Introduction
The Soil Testing Laboratory operated by the North Carolina Department of Agriculture and Consumer Services (NCDA&CS) Agronomic Services Division analyzes about 300,000 soil samples per year submitted from across North Carolina. Previous evaluations of soil test results have provided insights into soil phosphorus content (Cahoon and Ensign 2004; Miller 2023), but studies had not provided an overall assessment of other factors affecting soil fertility throughout the state. Phosphorus is critical to evaluate because it is essential for plant growth and can be a potential environmental pollutant in excessive amounts. However, it is also important to assess other essential plant nutrients and soil parameters (including acidity, organic matter, and cation exchange capacity) to accurately gauge soil fertility. Furthermore, there have been a number of challenges with evaluating the soil test dataset due to spatial bias and variation in sampling methods. Growers in counties or regions in which precision agriculture techniques are heavily used tend to submit more samples for analysis, potentially skewing average results. In addition, variations in sampling depths and tillage practices can lead to inconsistencies that complicate the interpretation of the test results.
To provide a more accurate snapshot of the soil fertility status of row crop soils in North Carolina, we conducted a study in association with local Extension agents, who selected agricultural fields representing current crop management in each region.

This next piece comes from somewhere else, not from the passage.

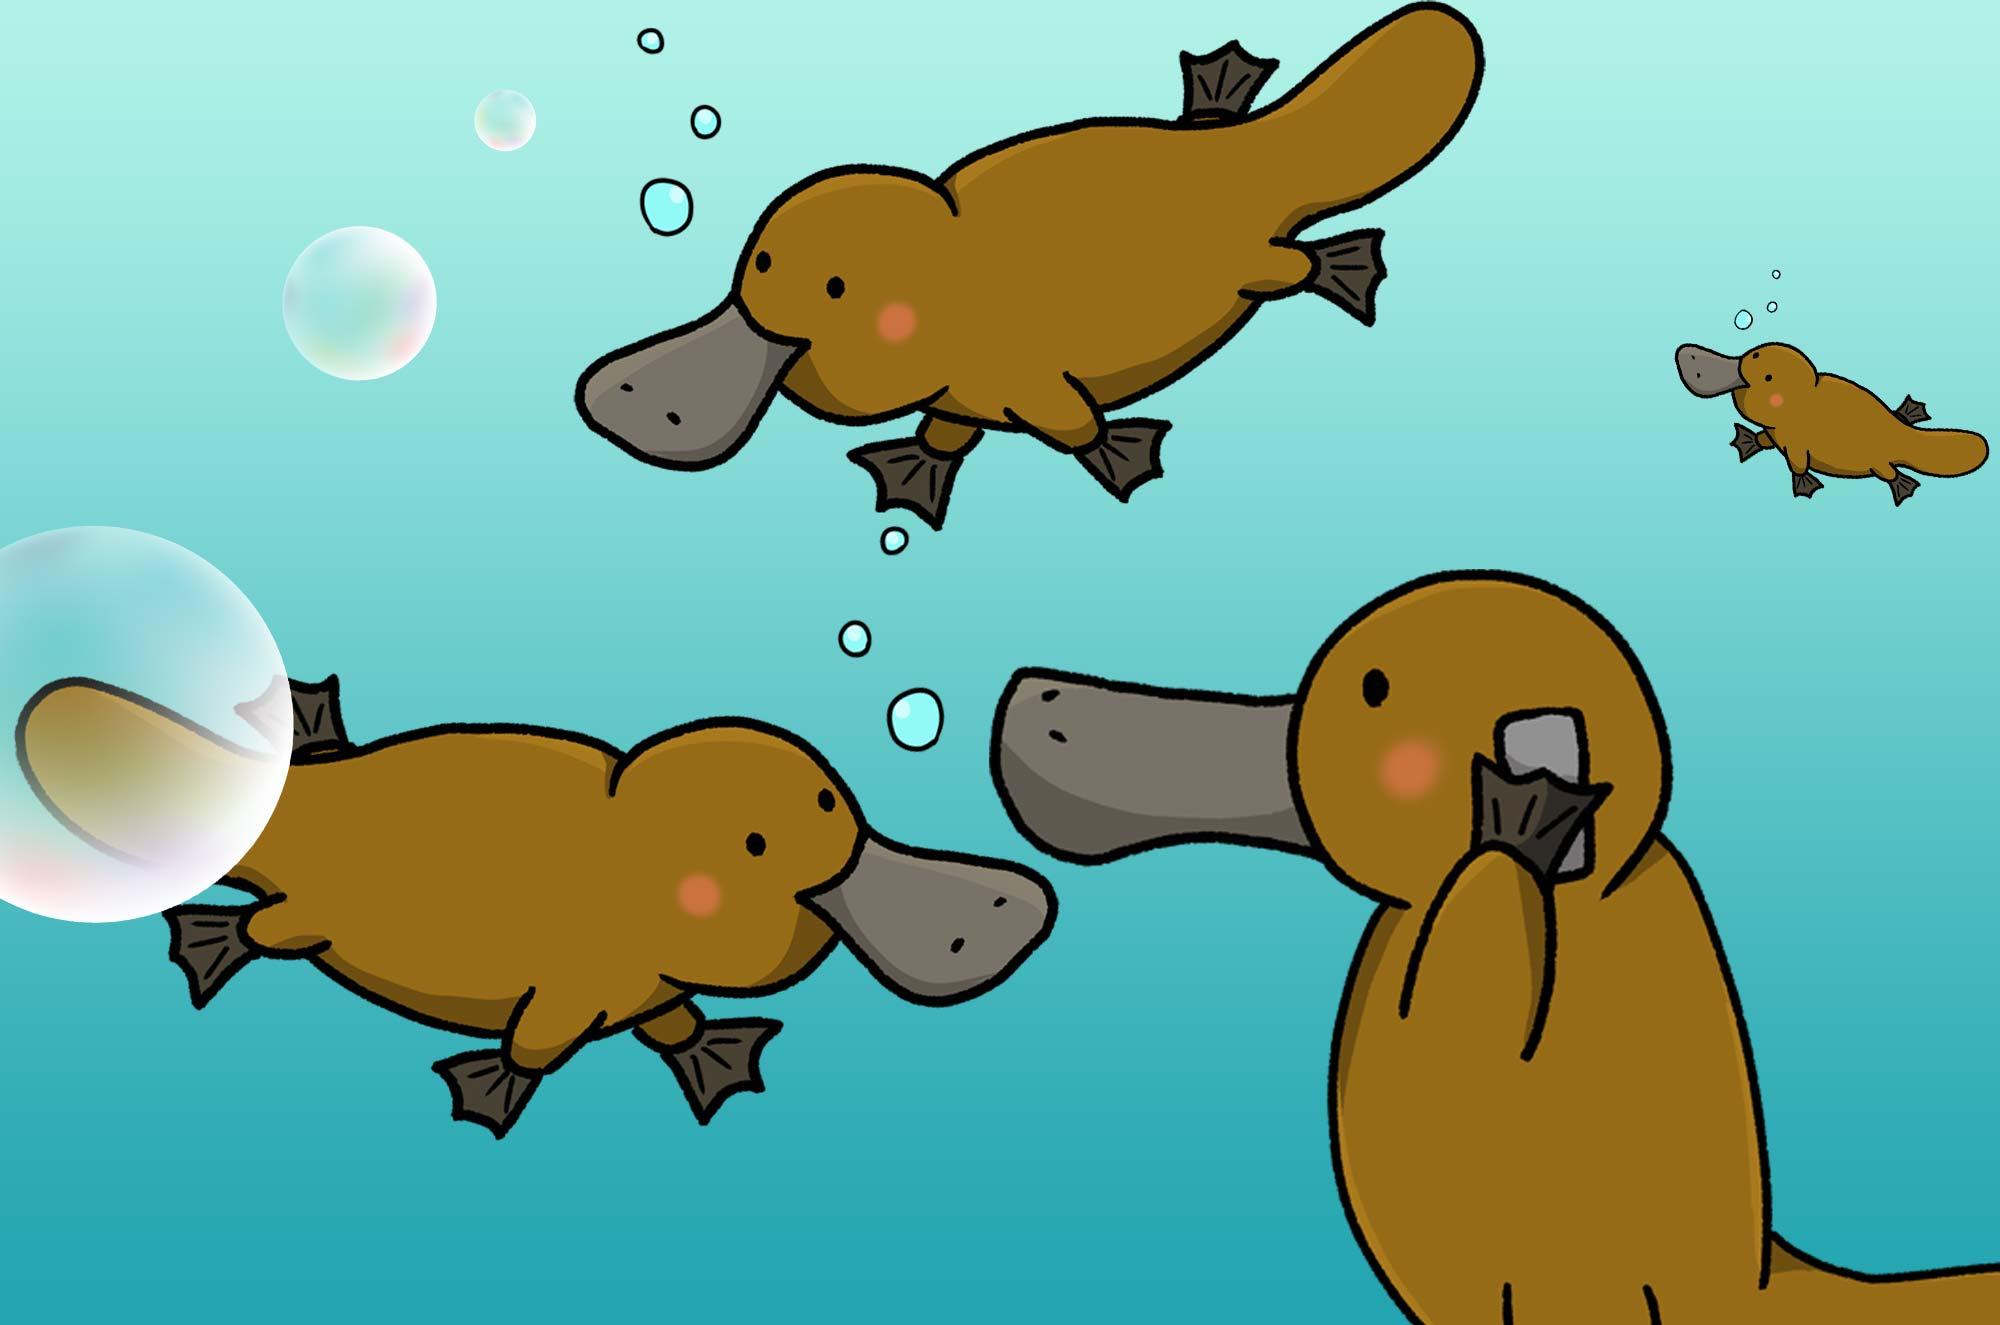 カモノハシのイラスト 優雅に泳ぐ面白い水生動物素材 チコデザ

Soil samples were collected from two depths (0 to 4 inches deep and 4 to 8 inches deep), and information about soil type and crop management was recorded. The number of samples per county was proportional to the row crop acreage in each county, and 400 soil samples were collected and analyzed. The results were separated by region.
Methodology
The number of soil samples collected per county was weighted based on the reported acreage of field crops in the 2017 Census of Agriculture (United States Department of Agriculture—National Agricultural Statistics Service 2019), with a target goal of collecting and analyzing 500 soil samples. Counties with fewer than 7,000 acres of field crops were excluded from the study, resulting in 83 counties initially selected for sampling. A 4-by-4-mile grid was overlaid onto each county to be surveyed, and an online tool was developed to randomly select one of the grid cells. Local Extension agents used the online tool to select a random grid cell for soil sampling. Based on their experience, the agents chose a field in the selected cell grid that represented the average soil and crop management for that county. Agents contacted the selected farmers for permission to sample their fields and collected information, including the types of tillage used, fertilizers used, and overall crop production history. The GPS coordinates of the field were sent to the sampling team. After soil sampling was completed, all data about the locations and identity of farmers were destroyed to maintain anonymity in the study.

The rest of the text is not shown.